Я не успела и рта раскрыть, как Эва, рассмеявшись, подтвердила:
— Вы совершенно правы, месье, я и сама поражаюсь выдержке своей подруги. Хотя, с другой стороны, меня возмущает, как можно довести себя до такой белизны, на столько лет скрыться от солнца! И больной муж — вовсе не оправдание!
— Ага! — подхватил доктор и шлепнулся на песок рядом с нами. — Теперь понятно: пани ухаживала за больным мужем. И с каким же результатом, если позволено будет спросить?
— Со смертельным! — сердито ответила я. Мне очень не понравилось, что Эва разоткровенничалась с совсем чужим для меня человеком. Какое она имела право рассказывать обо мне этому доктору, пусть и симпатичному, но которого я знаю без году неделю?

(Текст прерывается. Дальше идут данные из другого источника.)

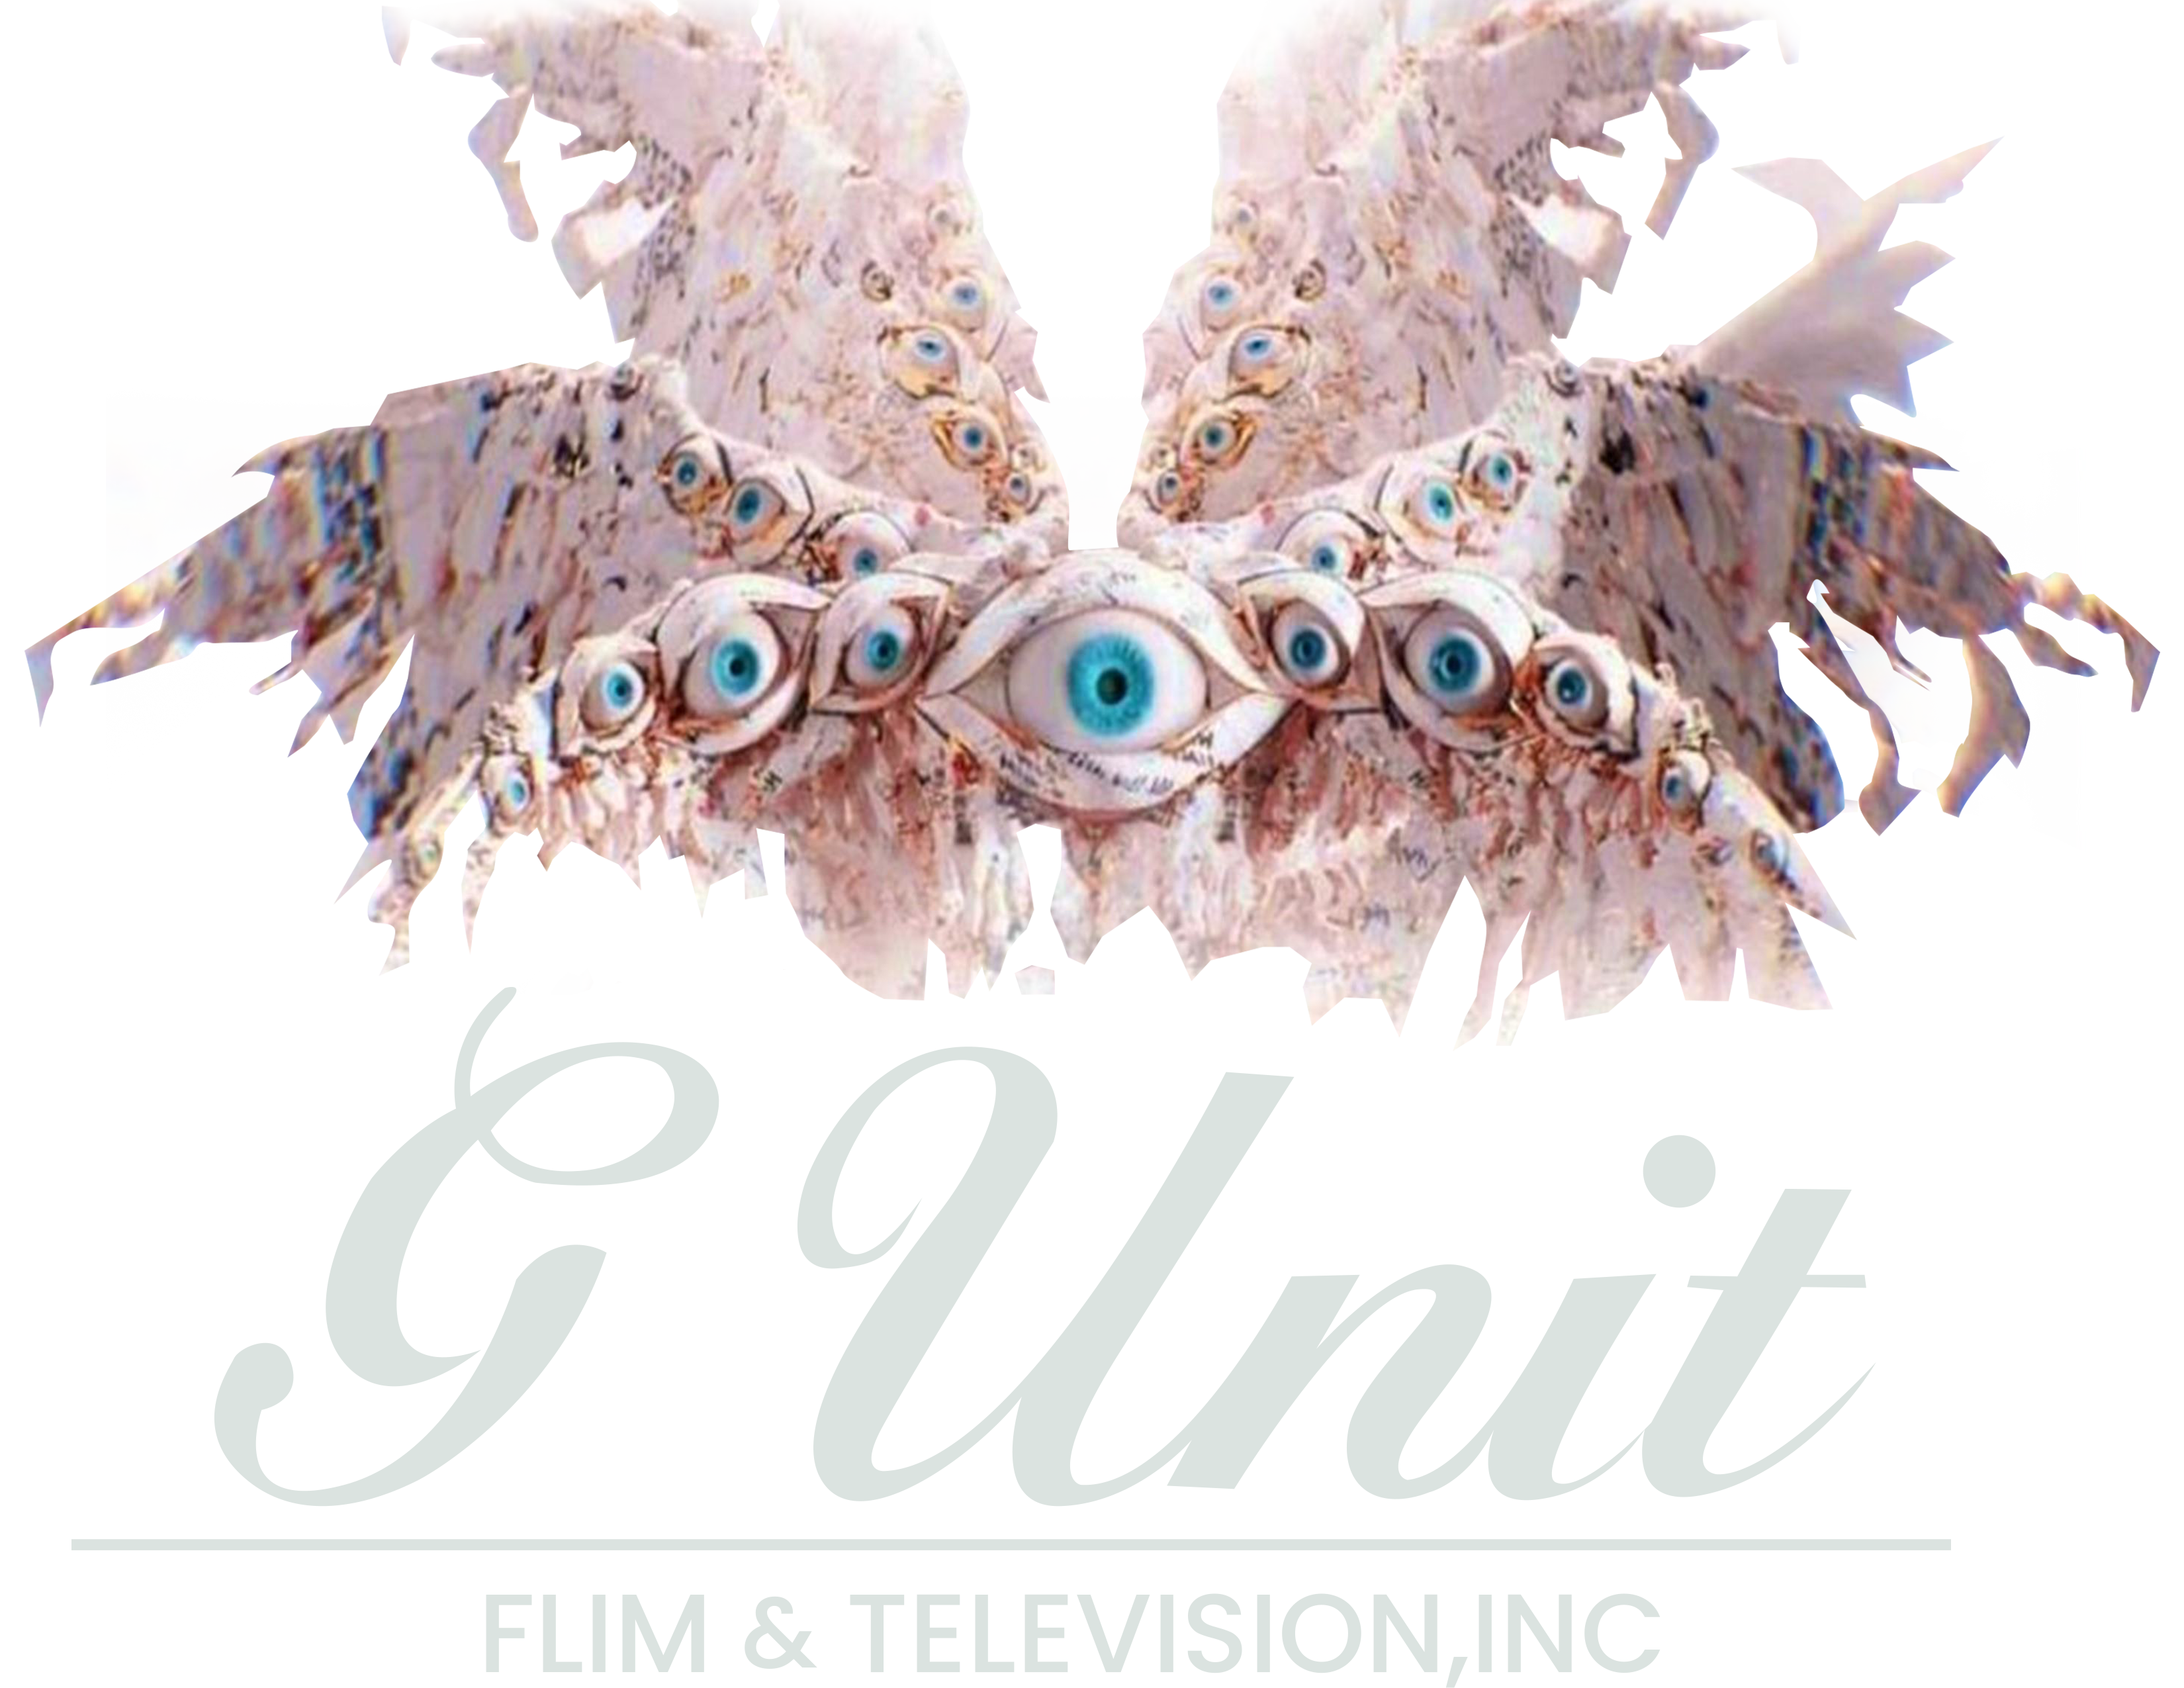 Thing 50 Cent Gunit Film & Television Production

Видя, что я разгневалась, доктор Вийон попытался изобразить печаль на лице, но легкомысленная Эва пошла еще дальше.
— Э, да зачем притворяться? — махнула она рукой. — Благодарение Господу, что он умер, радоваться должна! Я до сих пор не могу понять, как ты вообще могла выйти замуж за этого отвратительного графа?

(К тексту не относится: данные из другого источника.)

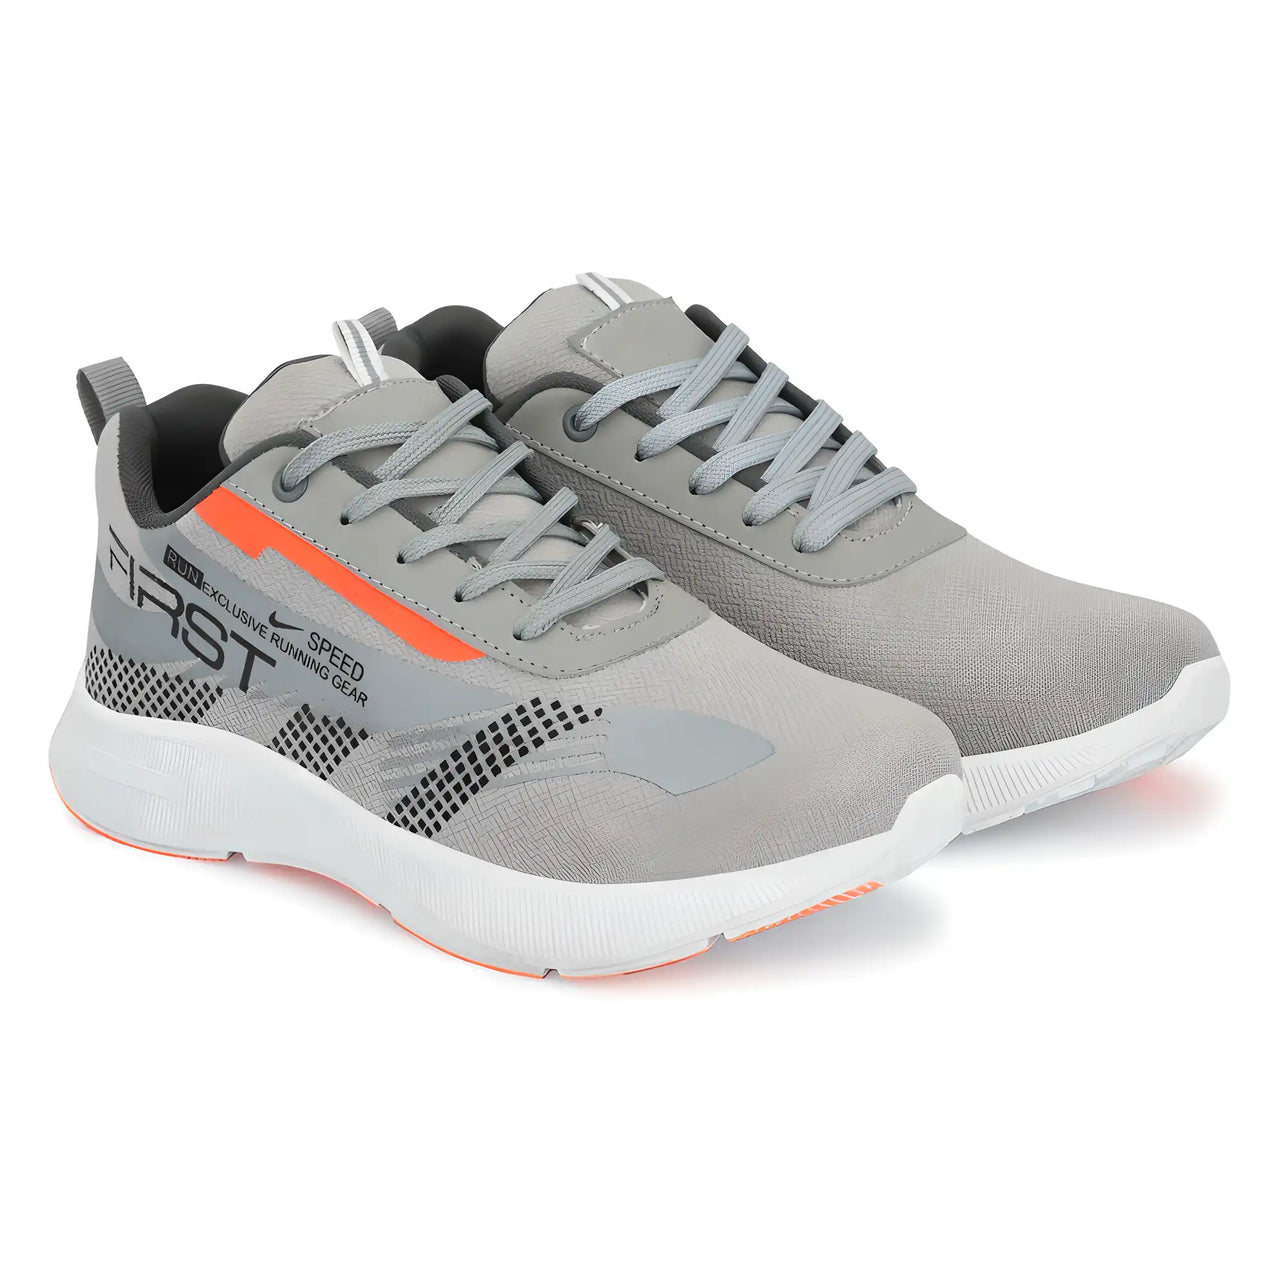 Shoe Island Casual Sneakers Sports Shoes For Men

Я промолчала. Не стану откровенничать в присутствии посторонних, ведь и с Шарлем я совсем недавно познакомилась. Но если честно, то я и сама не могла этого понять. Хотя... достаточно вспомнить положение, в котором я тогда оказалась. Графский титул нашей фамилии, может, и постарше лет на двести моего супруга, да что толку, если наша семья к тому времени оказалась совсем без средств. Старшая из дочерей, бесприданница, я могла принести в качестве приданого лишь свою молодость и красоту, что вполне удовлетворило моего будущего супруга. Ну, еще образование, на него родители, особенно батюшка, денег не экономили. К сожалению, много тратил батюшка и на свои многочисленные научные изыскания, в результате чего семью буквально по миру пустил. И никаких родственников, на чью дарственную или наследство мы могли хотя бы в будущем надеяться. Родители еле-еле сводили концы с концами, поэтому предложение руки и сердца богатого графа явилось просто нежданным даром небес. Что с того, что жених был старше меня на сорок лет, страшен как черт и весь в болезнях? Меня не спросили, да и что я могла решить, глупая, шестнадцатилетняя девчонка, жизни не знавшая? Даже будь я поумнее и поопытней, видя, как радуются бедные родители богатому зятю, по-другому поступить не могла. А Эва...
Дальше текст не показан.